YOUR ASSIGNMENT:
Your task is to transcribe the entries below exactly, beginning with the line containing "Día Mundial del" and ending with the final line, and to add nothing else.

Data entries
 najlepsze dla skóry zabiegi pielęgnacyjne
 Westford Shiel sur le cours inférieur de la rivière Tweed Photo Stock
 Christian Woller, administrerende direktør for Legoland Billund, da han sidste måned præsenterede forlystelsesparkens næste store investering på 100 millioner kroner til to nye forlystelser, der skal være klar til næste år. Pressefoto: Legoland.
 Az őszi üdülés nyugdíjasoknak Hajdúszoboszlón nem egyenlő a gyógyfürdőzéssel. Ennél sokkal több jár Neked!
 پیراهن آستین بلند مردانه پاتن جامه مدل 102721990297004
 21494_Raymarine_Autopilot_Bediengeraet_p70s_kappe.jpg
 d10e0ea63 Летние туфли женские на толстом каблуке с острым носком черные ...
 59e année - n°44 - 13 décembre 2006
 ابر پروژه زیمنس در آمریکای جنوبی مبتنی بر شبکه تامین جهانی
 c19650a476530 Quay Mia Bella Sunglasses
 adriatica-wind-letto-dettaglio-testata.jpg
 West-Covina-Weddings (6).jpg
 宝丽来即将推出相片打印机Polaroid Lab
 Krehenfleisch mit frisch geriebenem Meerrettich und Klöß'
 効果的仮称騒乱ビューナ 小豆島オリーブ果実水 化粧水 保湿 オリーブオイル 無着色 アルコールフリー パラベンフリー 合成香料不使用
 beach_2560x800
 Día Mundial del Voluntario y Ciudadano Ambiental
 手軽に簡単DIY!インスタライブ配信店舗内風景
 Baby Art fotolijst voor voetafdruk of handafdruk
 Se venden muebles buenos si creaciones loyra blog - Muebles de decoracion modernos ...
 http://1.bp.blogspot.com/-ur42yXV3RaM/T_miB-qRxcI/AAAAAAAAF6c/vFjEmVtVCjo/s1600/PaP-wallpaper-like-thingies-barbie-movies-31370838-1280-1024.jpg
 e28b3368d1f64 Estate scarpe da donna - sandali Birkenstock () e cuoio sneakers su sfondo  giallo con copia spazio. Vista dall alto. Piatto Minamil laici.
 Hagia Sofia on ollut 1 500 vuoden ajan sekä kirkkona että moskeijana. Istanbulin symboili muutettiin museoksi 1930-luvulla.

RESPONSE:
 Día Mundial del Voluntario y Ciudadano Ambiental
 手軽に簡単DIY!インスタライブ配信店舗内風景
 Baby Art fotolijst voor voetafdruk of handafdruk
 Se venden muebles buenos si creaciones loyra blog - Muebles de decoracion modernos ...
 http://1.bp.blogspot.com/-ur42yXV3RaM/T_miB-qRxcI/AAAAAAAAF6c/vFjEmVtVCjo/s1600/PaP-wallpaper-like-thingies-barbie-movies-31370838-1280-1024.jpg
 e28b3368d1f64 Estate scarpe da donna - sandali Birkenstock () e cuoio sneakers su sfondo  giallo con copia spazio. Vista dall alto. Piatto Minamil laici.
 Hagia Sofia on ollut 1 500 vuoden ajan sekä kirkkona että moskeijana. Istanbulin symboili muutettiin museoksi 1930-luvulla.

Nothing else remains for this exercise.